=== Begin Enclosure ===

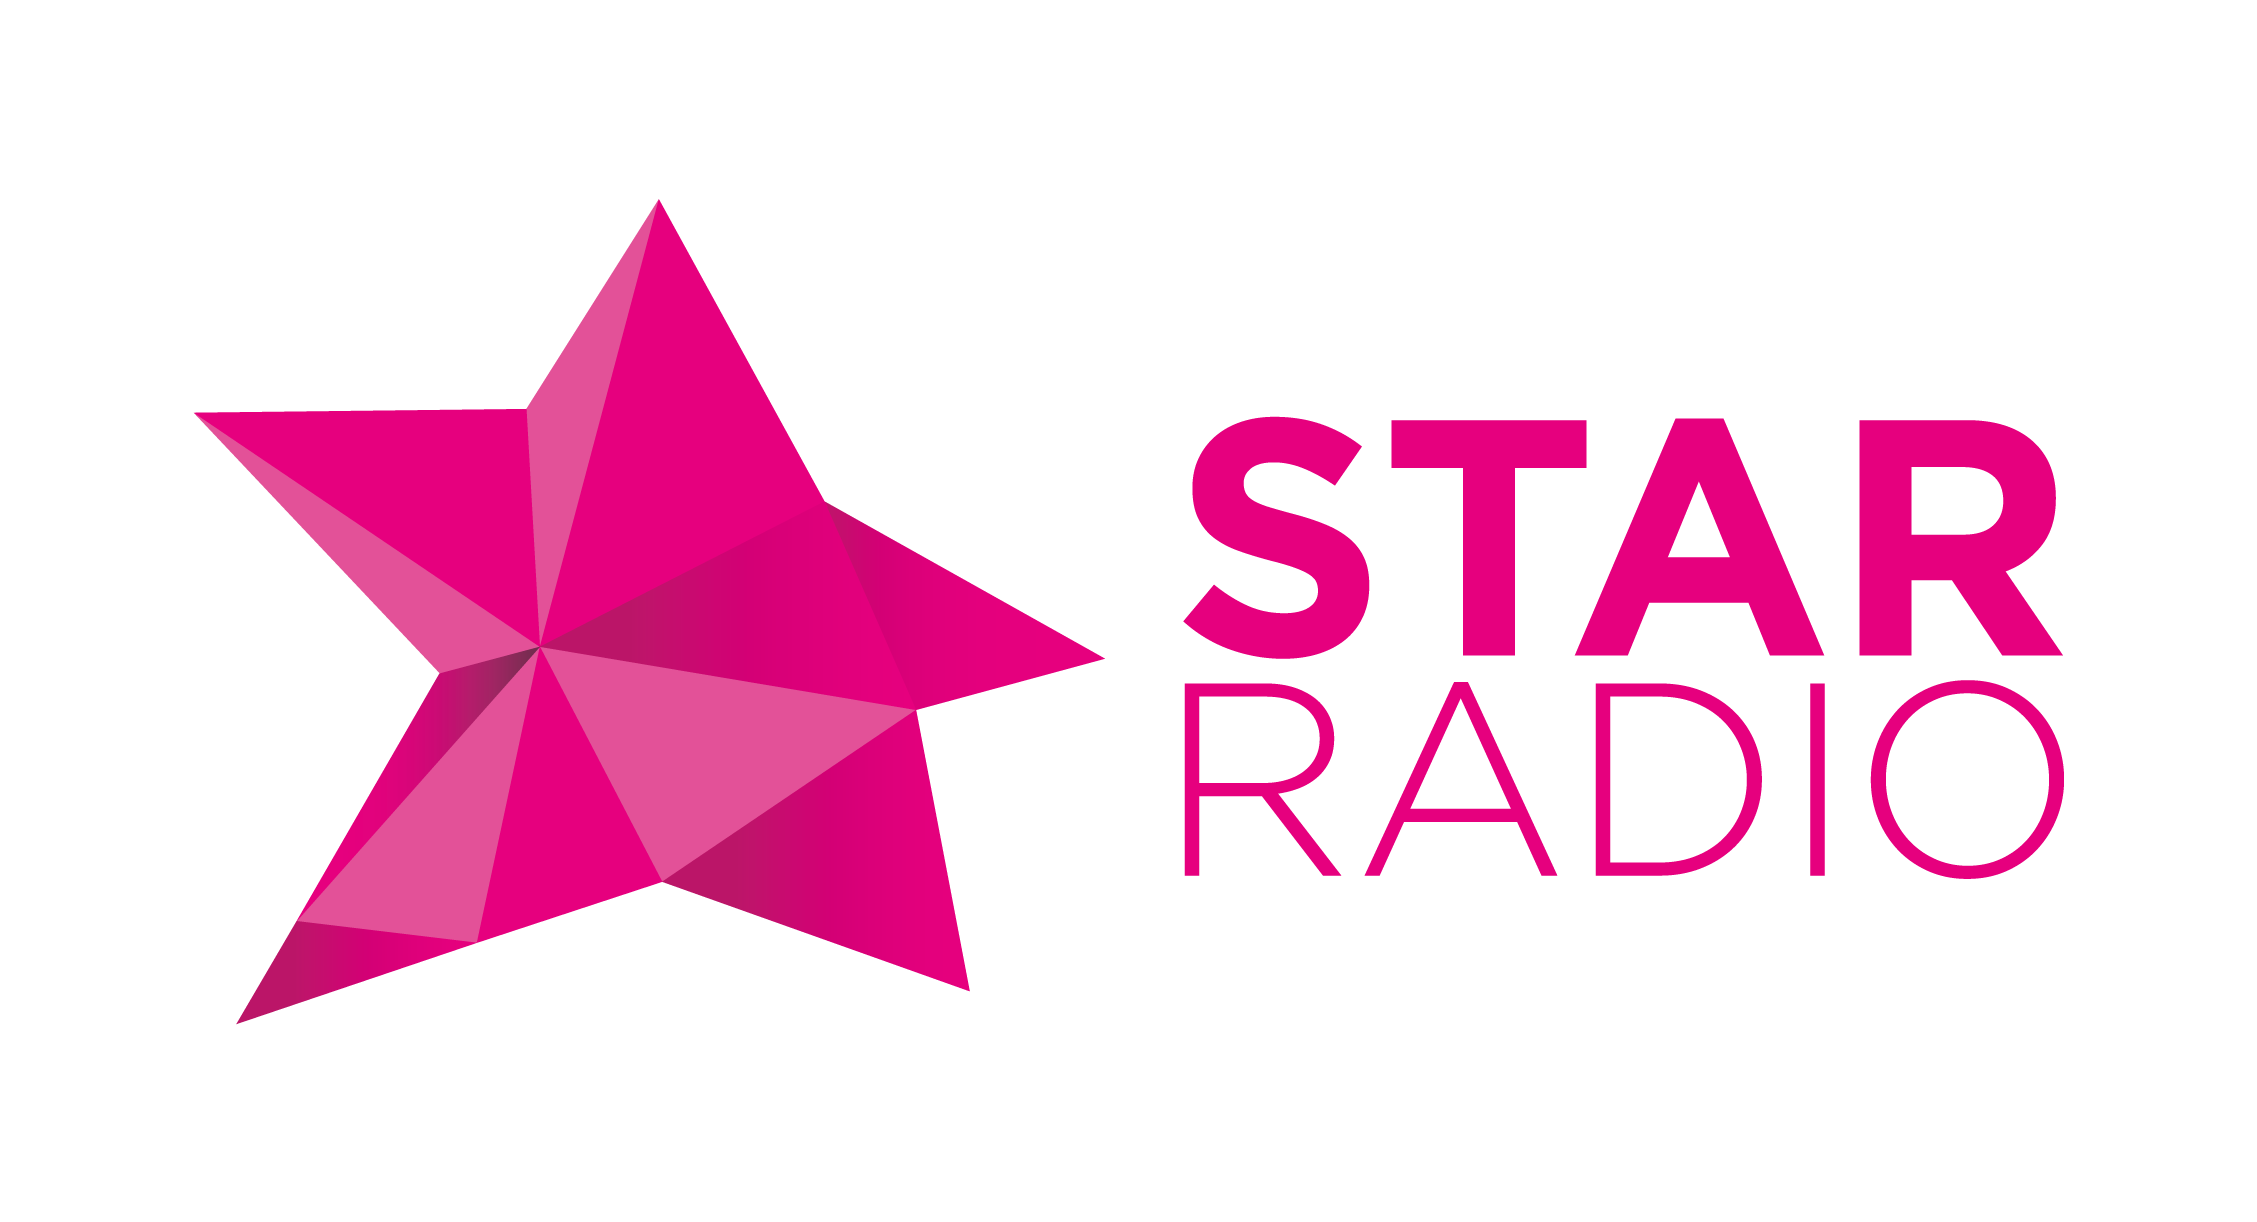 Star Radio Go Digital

=== End Enclosure ===
=== Begin Enclosure ===

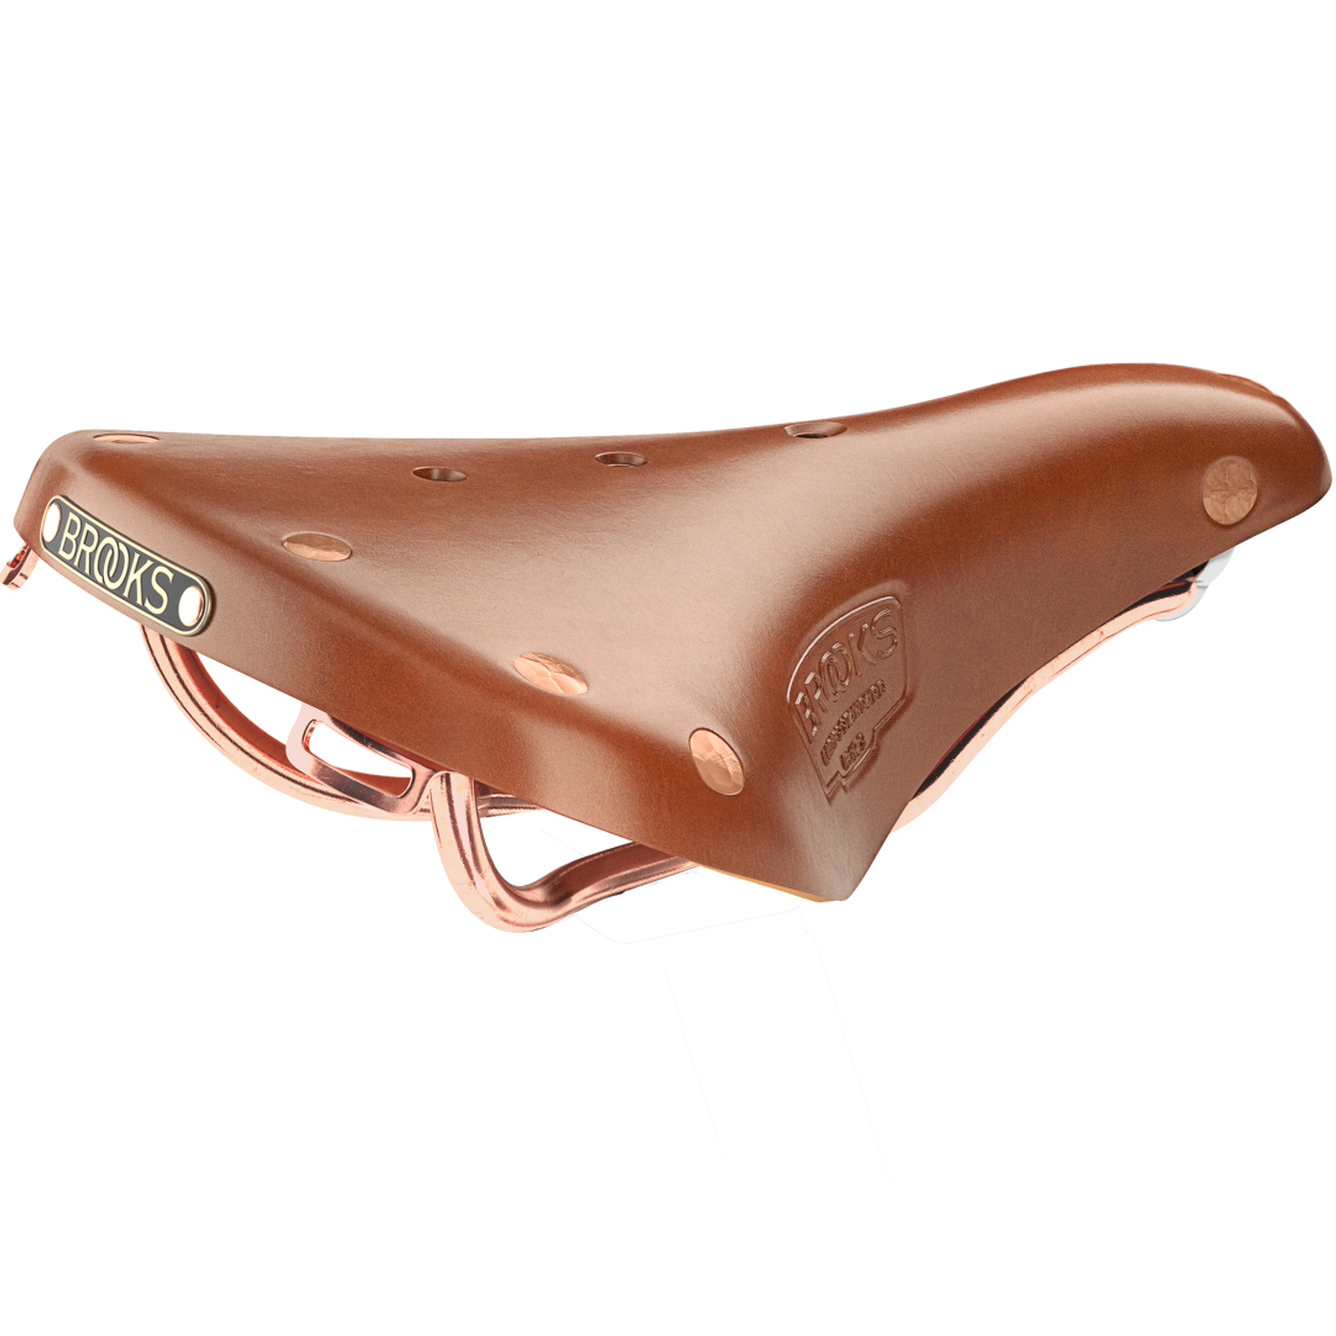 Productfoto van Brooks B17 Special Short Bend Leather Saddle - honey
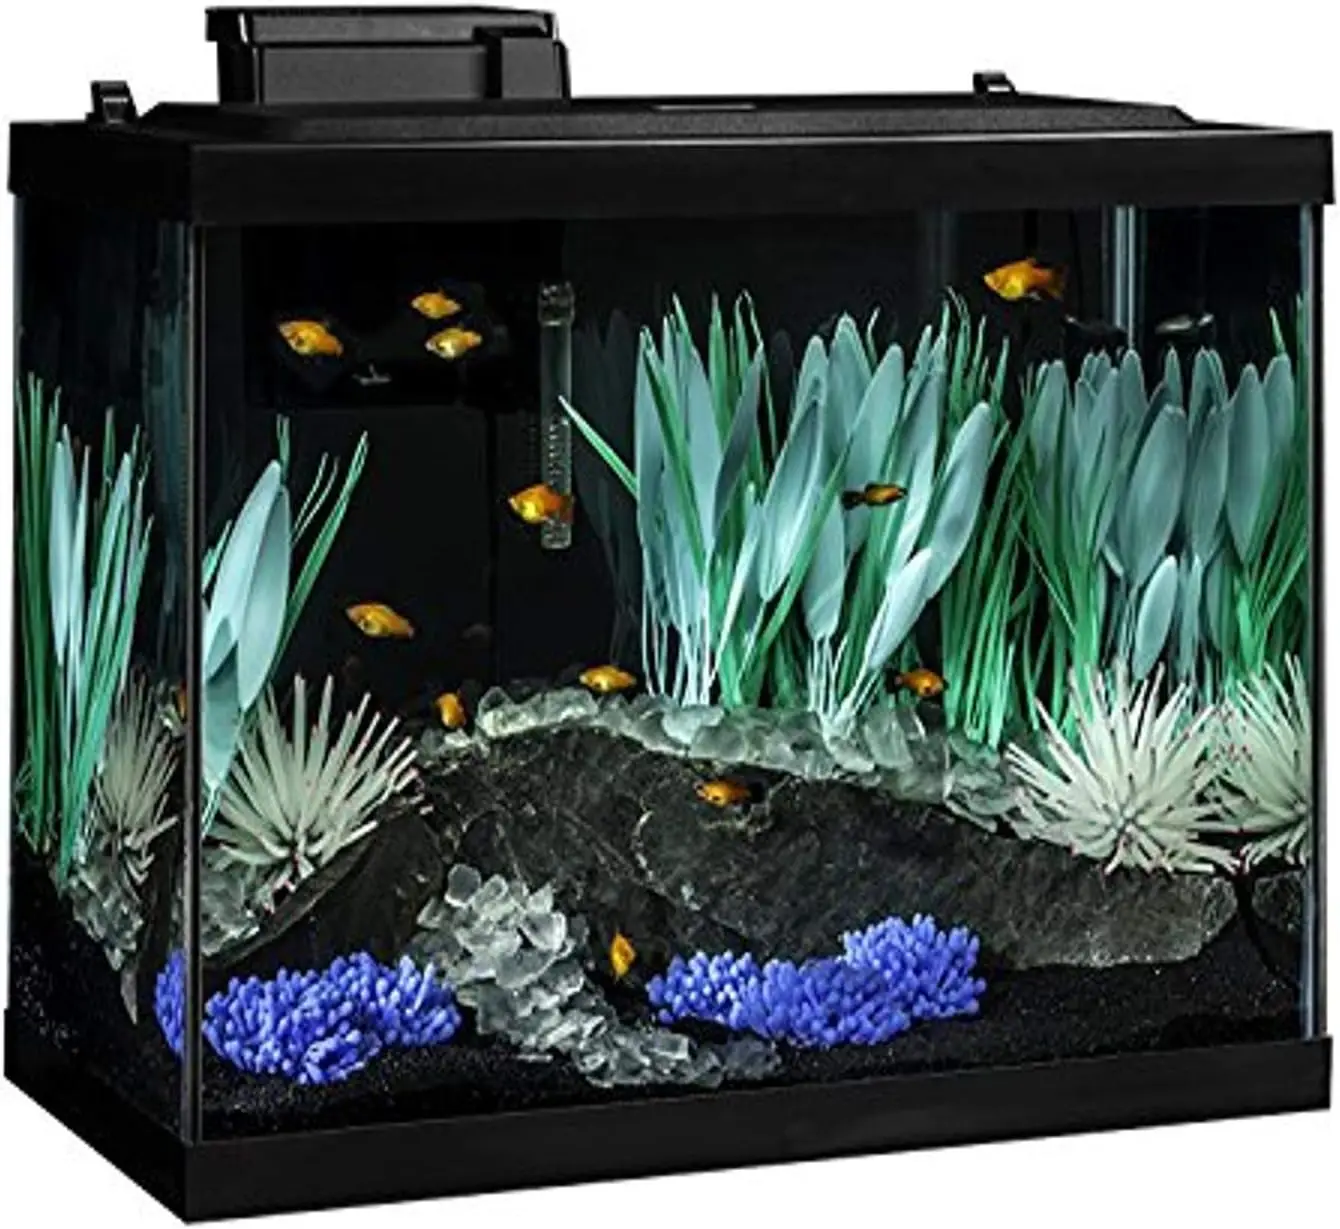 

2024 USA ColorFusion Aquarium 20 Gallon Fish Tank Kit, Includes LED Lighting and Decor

=== End Enclosure ===

* [EXERCISE DIRECTIONS]
Range to copy from the records above: the line containing "Productfoto van Brooks" to the line containing "2024 USA ColorFusion", both included. Output those lines exactly and only those, skipping pictures.

* [TASK RESPONSE]
 Productfoto van Brooks B17 Special Short Bend Leather Saddle - honey

2024 USA ColorFusion Aquarium 20 Gallon Fish Tank Kit, Includes LED Lighting and Decor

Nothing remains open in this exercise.